- Chak 95 JB Location in Pakistan
- Coordinates: 31°12′0.011″N 72°43′35.558″E﻿ / ﻿31.20000306°N 72.72654389°E
- Country: Pakistan
- District: Toba Tek Singh
- Tehsil: Gojra

Area
- • Total: 4 km^{2} (1.5 sq mi)
- Elevation: 172 m (564 ft)

Population (2010)
- • Total: 8,242
- Time zone: UTC+5 (PST)
- • Summer (DST): UTC+6 (PDT)
- Post Code: 36120
- Area code: +9246

= Chak 95 JB =

Chak 95 JB (JB: Jhang Branch) is a village in Gojra Tehsil, Toba Tek Singh District, Pakistan. Situated on Pensera Road and connected by a link road, its bus stop is known as Adda Korian. Chak 95JB is part of Union Council No. 11 along with other villages: 97jb, 95jb Gehri, 99jb, and 96jb.

Chak 95JB Gill is strategically located, linking to Pensera Road, Anna Pakka Road, and the canal, along with a train track.
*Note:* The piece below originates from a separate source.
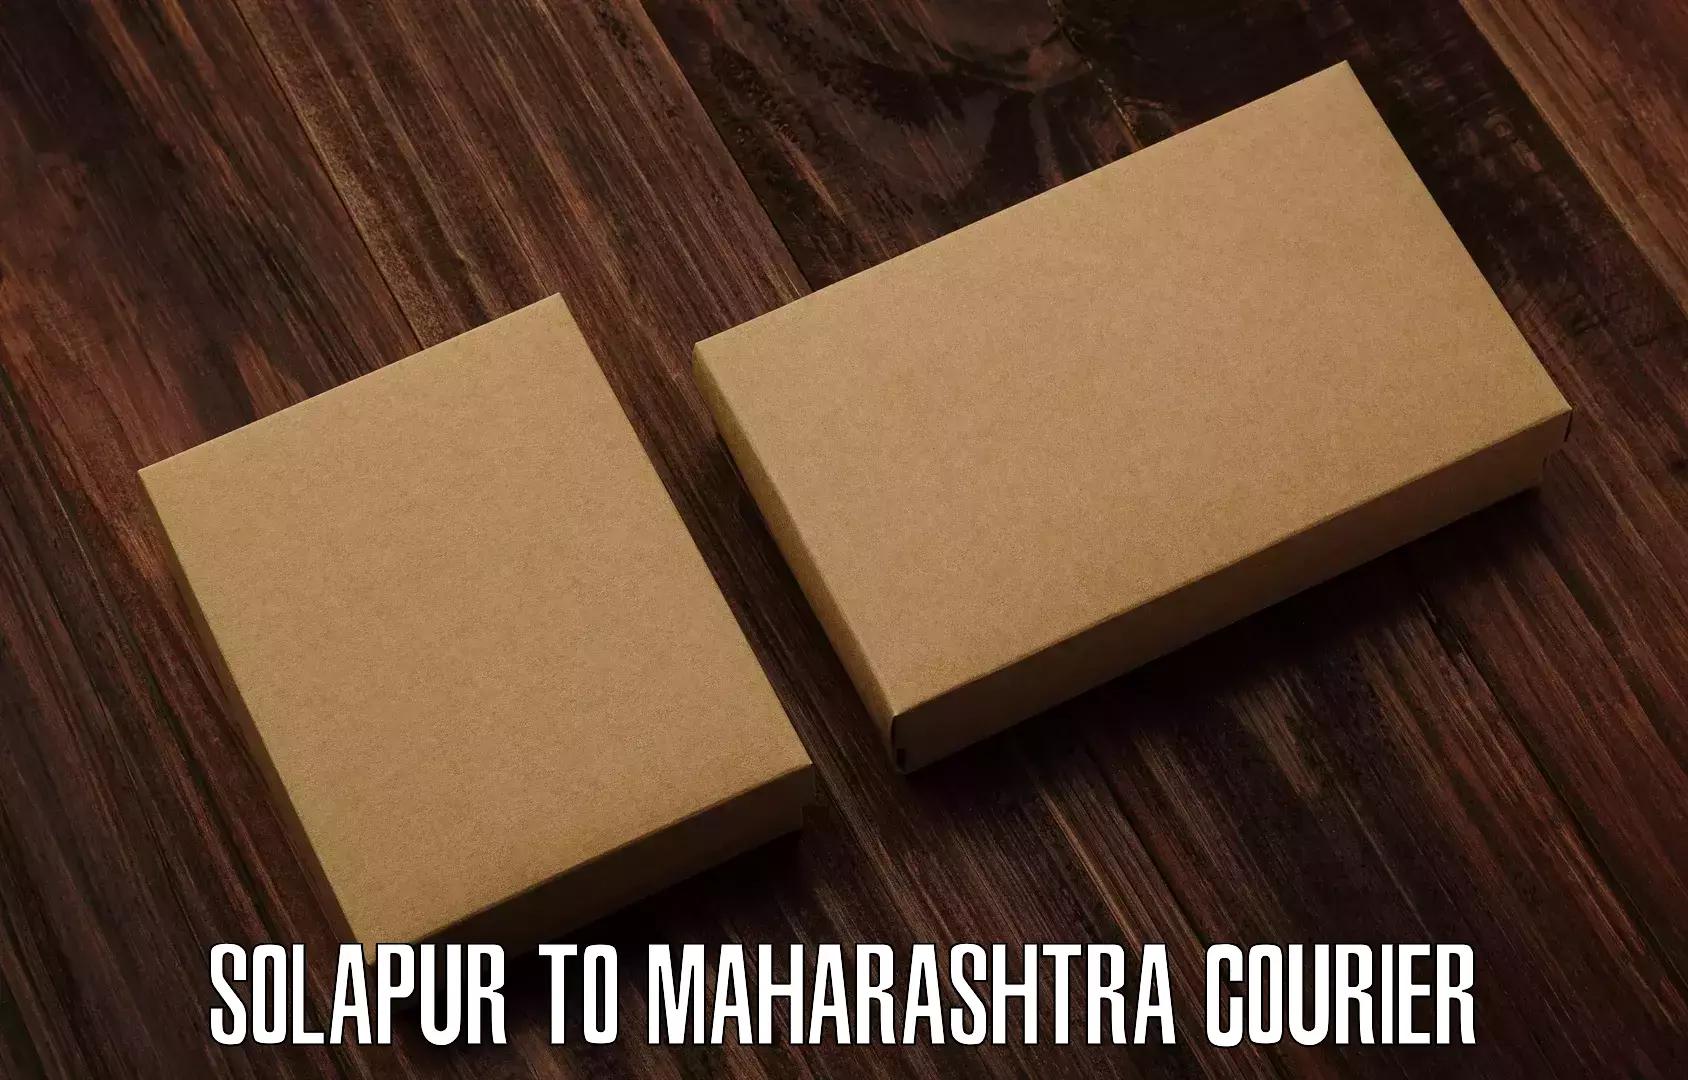 High-capacity parcel service Solapur to Maharashtra

It has extended to two new small villages named Odh Basti and Christine Basti, which boast two graveyards, two schools, four mosques, one church, and basic facilities such as clean water, gas, electricity, roads, and sanitation systems. The majority of the village populace is engaged in agriculture and dairy businesses.

Village's main road has numerous potholes and cracks, making it difficult and unsafe for vehicles and pedestrians alike. The poor state of the road not only hinders daily commutes but also poses a significant risk of accidents. We kindly request immediate maintenance and repairs to ensure the safety and well-being of our community.

Chak 95JB has a caste-based population, with Jutts in the majority. Gujjar, Rana, Arain, Malik, and Ansari castes are also well-represented.

==Location==
Chak 95JB Gill is located 7.8 kilometers from Gojra and 40 kilometers from Faisalabad. Its neighboring villages include Chak 97JB, Chak 99JB, and Chak 362JB.

==Education==
The village has two schools:

- Government Girls Community Model School 95JB for girls.
- Government Primary School 95JB for boys.

Many of the students commute to Gojra or Chak 97JB for further schooling.